(WORK REQUIRED):
Exactly repeat all the records below, omitting the images they hold.

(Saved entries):
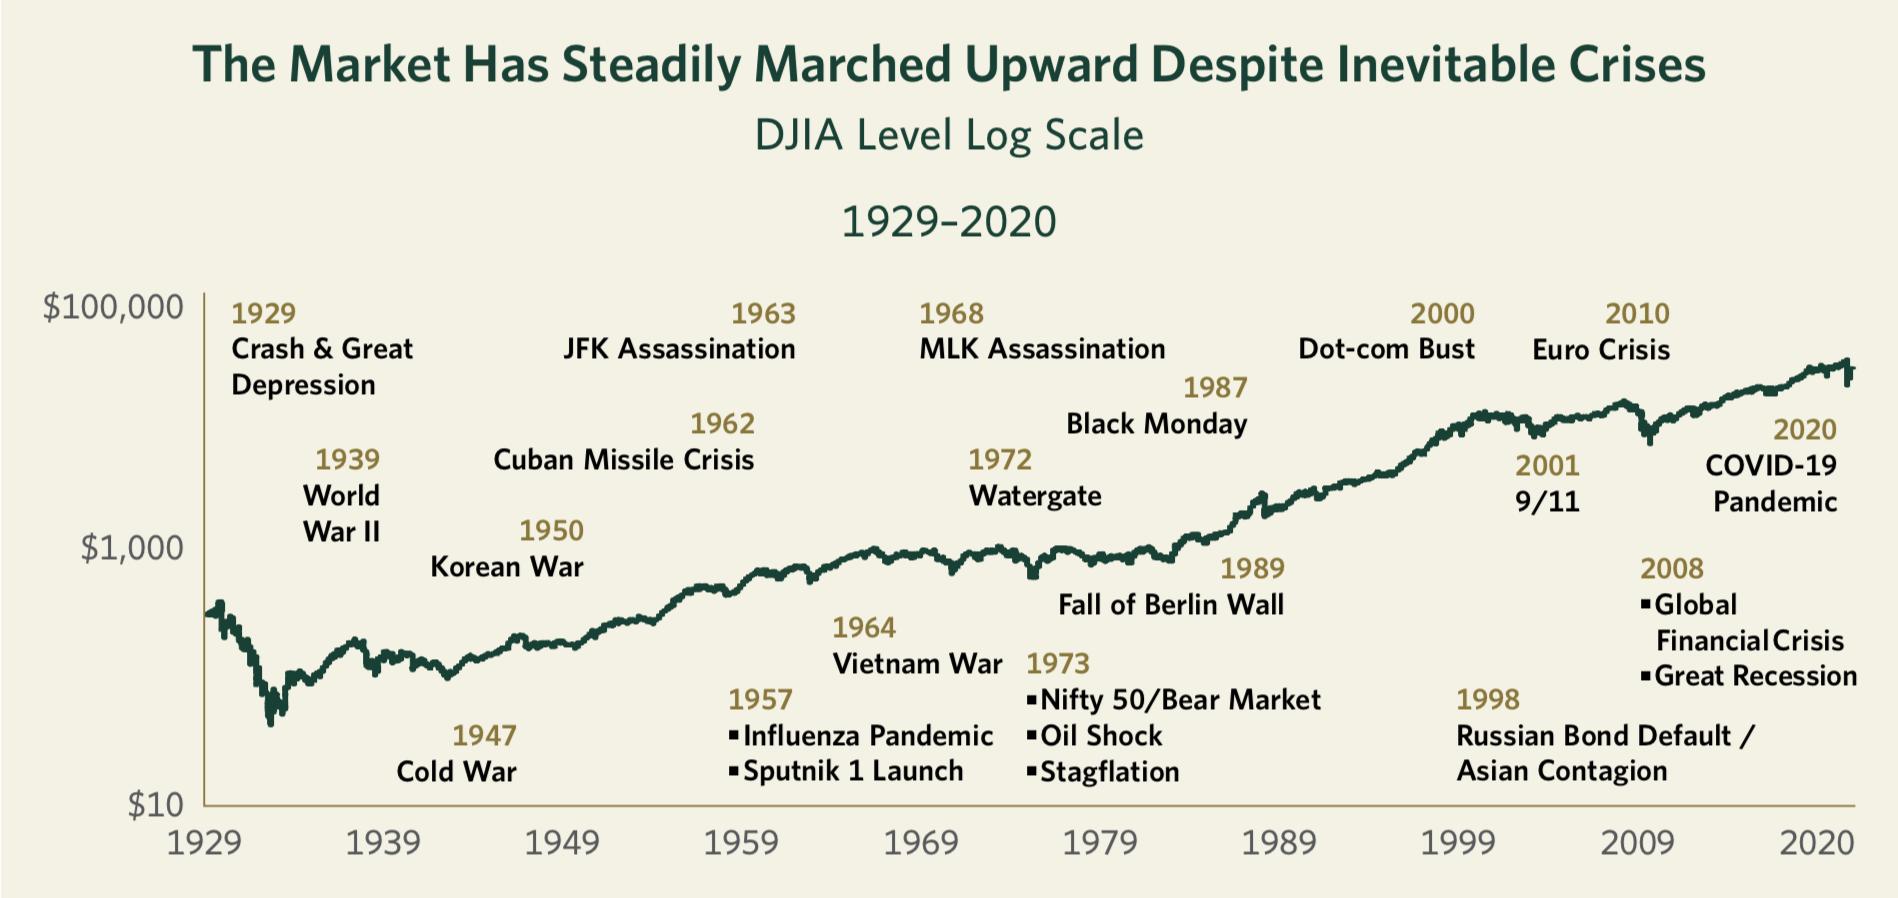 The Market Has Steadily Marched Upward Despite Inevitable Crises
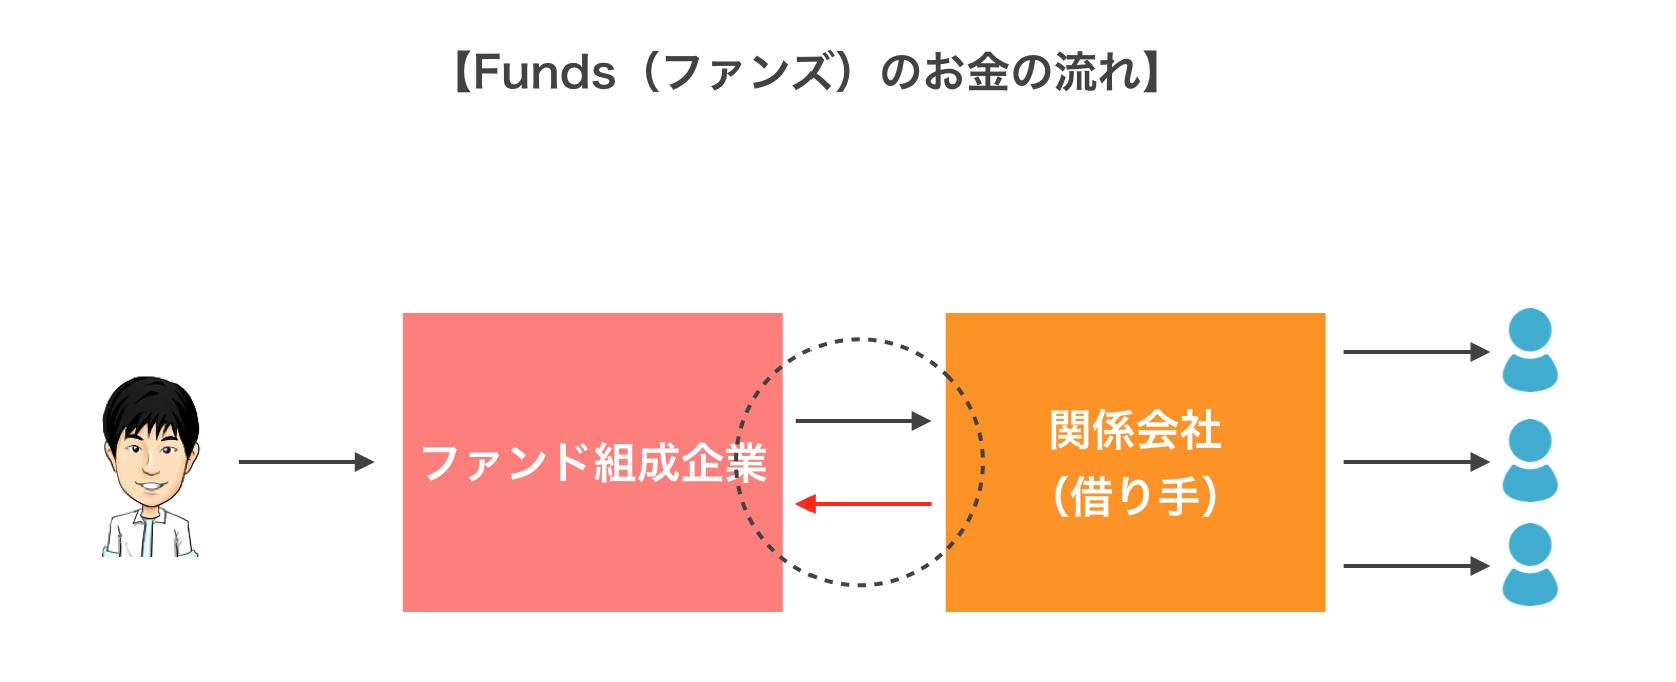 Fundsの仕組み図解
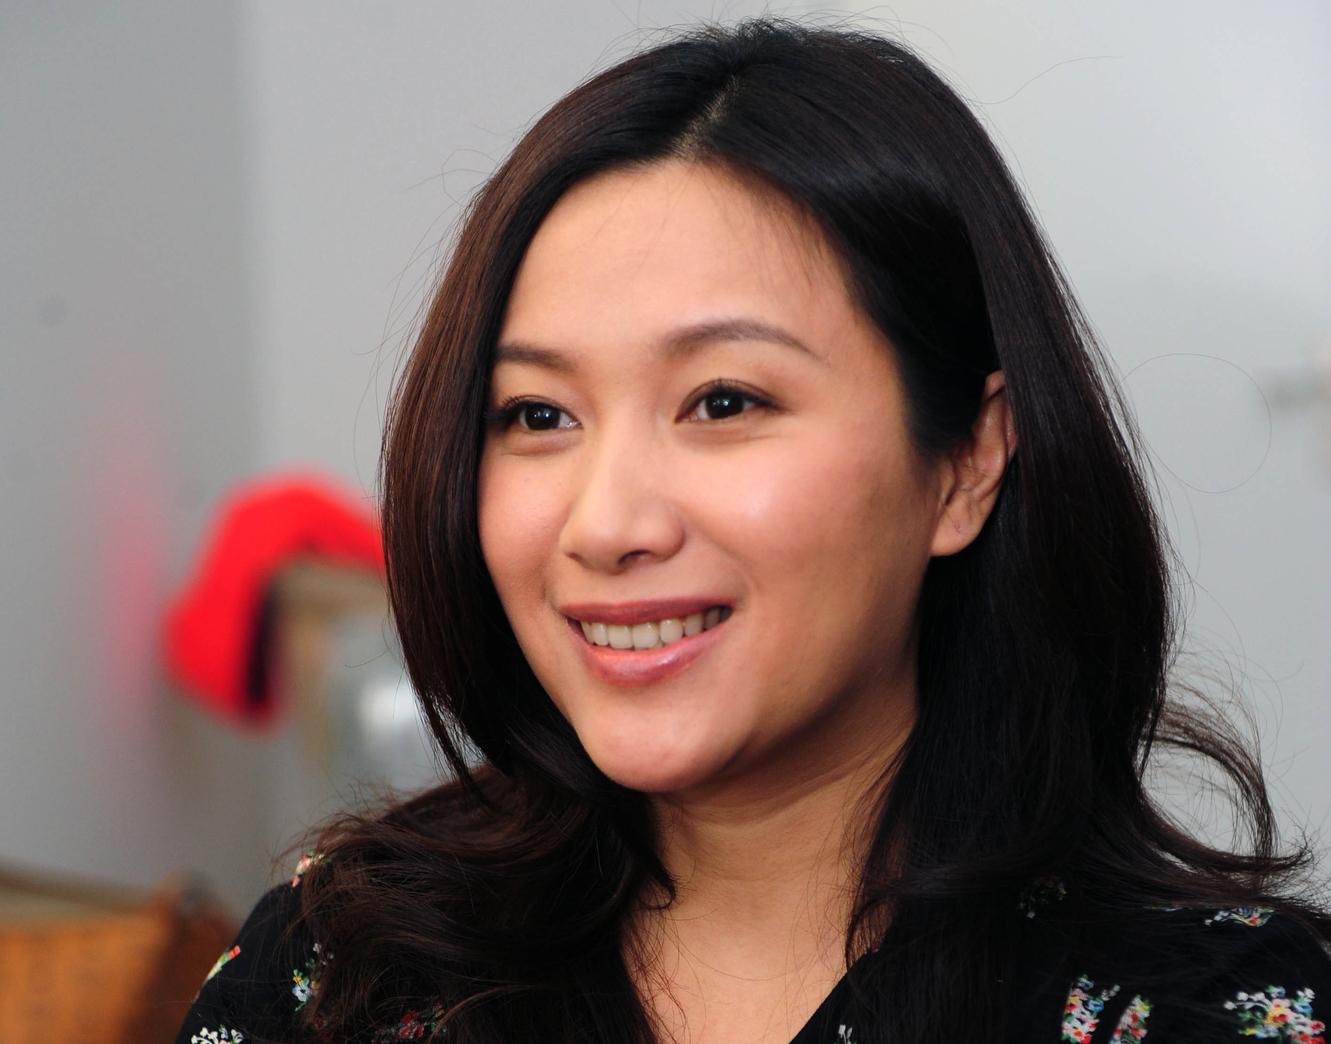 STAR HD PHOTOS: Chinese Actress Xu Jinglei Latest
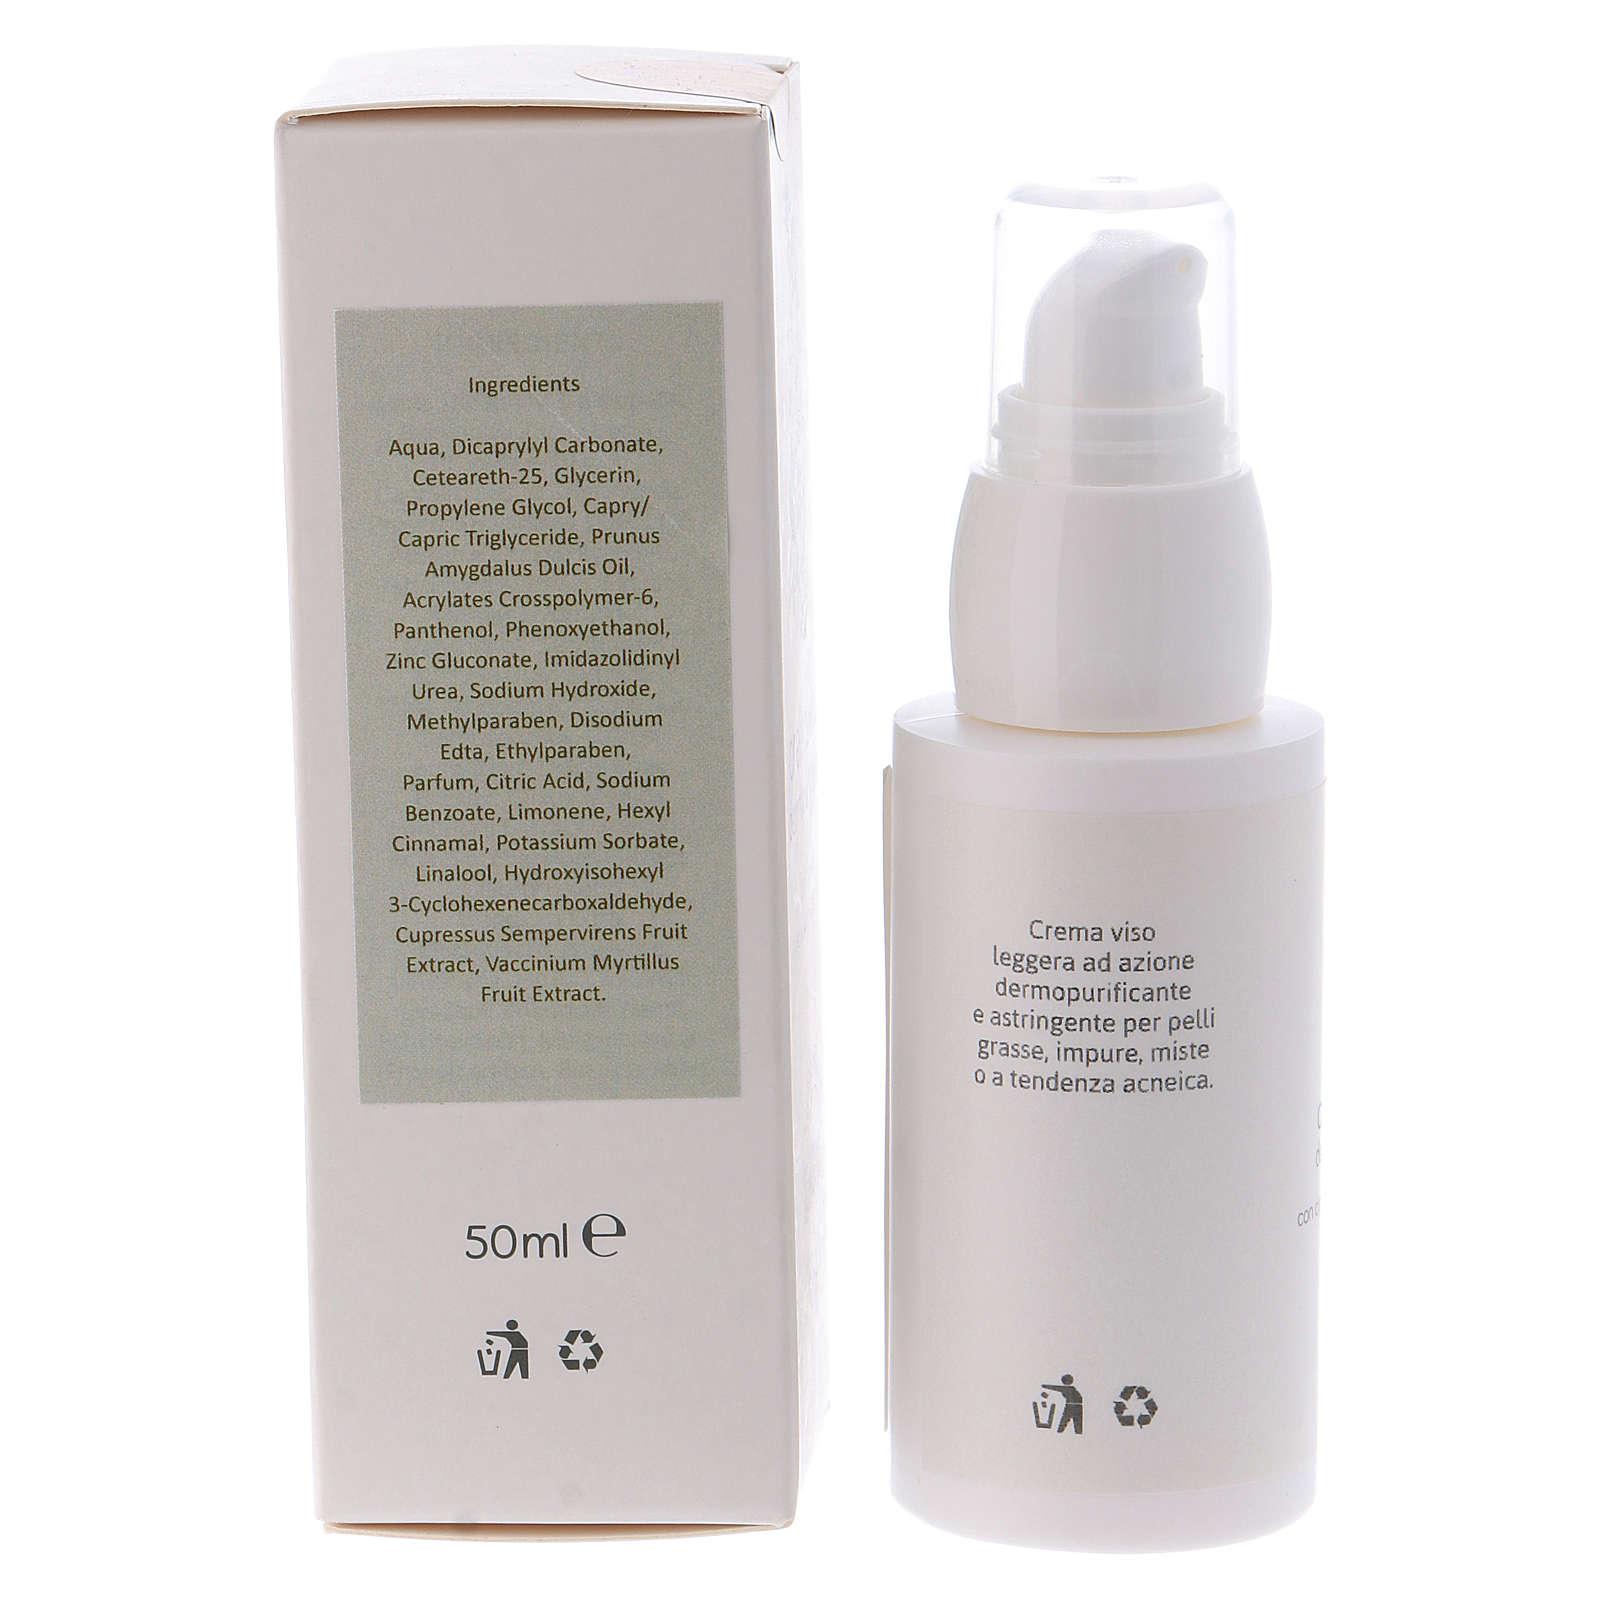 Crema viso dermopurificante 50 ml Valserena 4
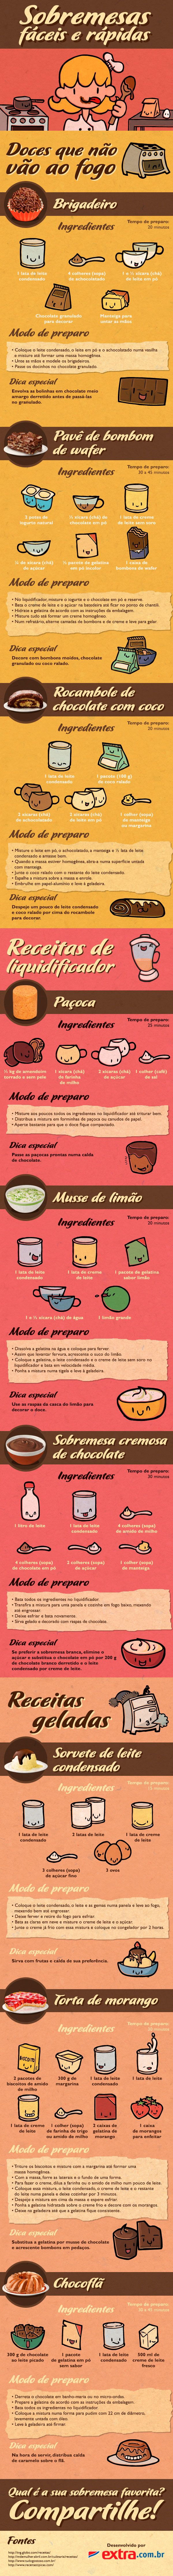 Infográfico - Receitas de Sobremesas Fáceis e Rápidas

(ANSWER BELOW):
 The Market Has Steadily Marched Upward Despite Inevitable Crises
 Fundsの仕組み図解
 STAR HD PHOTOS: Chinese Actress Xu Jinglei Latest
 Crema viso dermopurificante 50 ml Valserena 4
 Infográfico - Receitas de Sobremesas Fáceis e Rápidas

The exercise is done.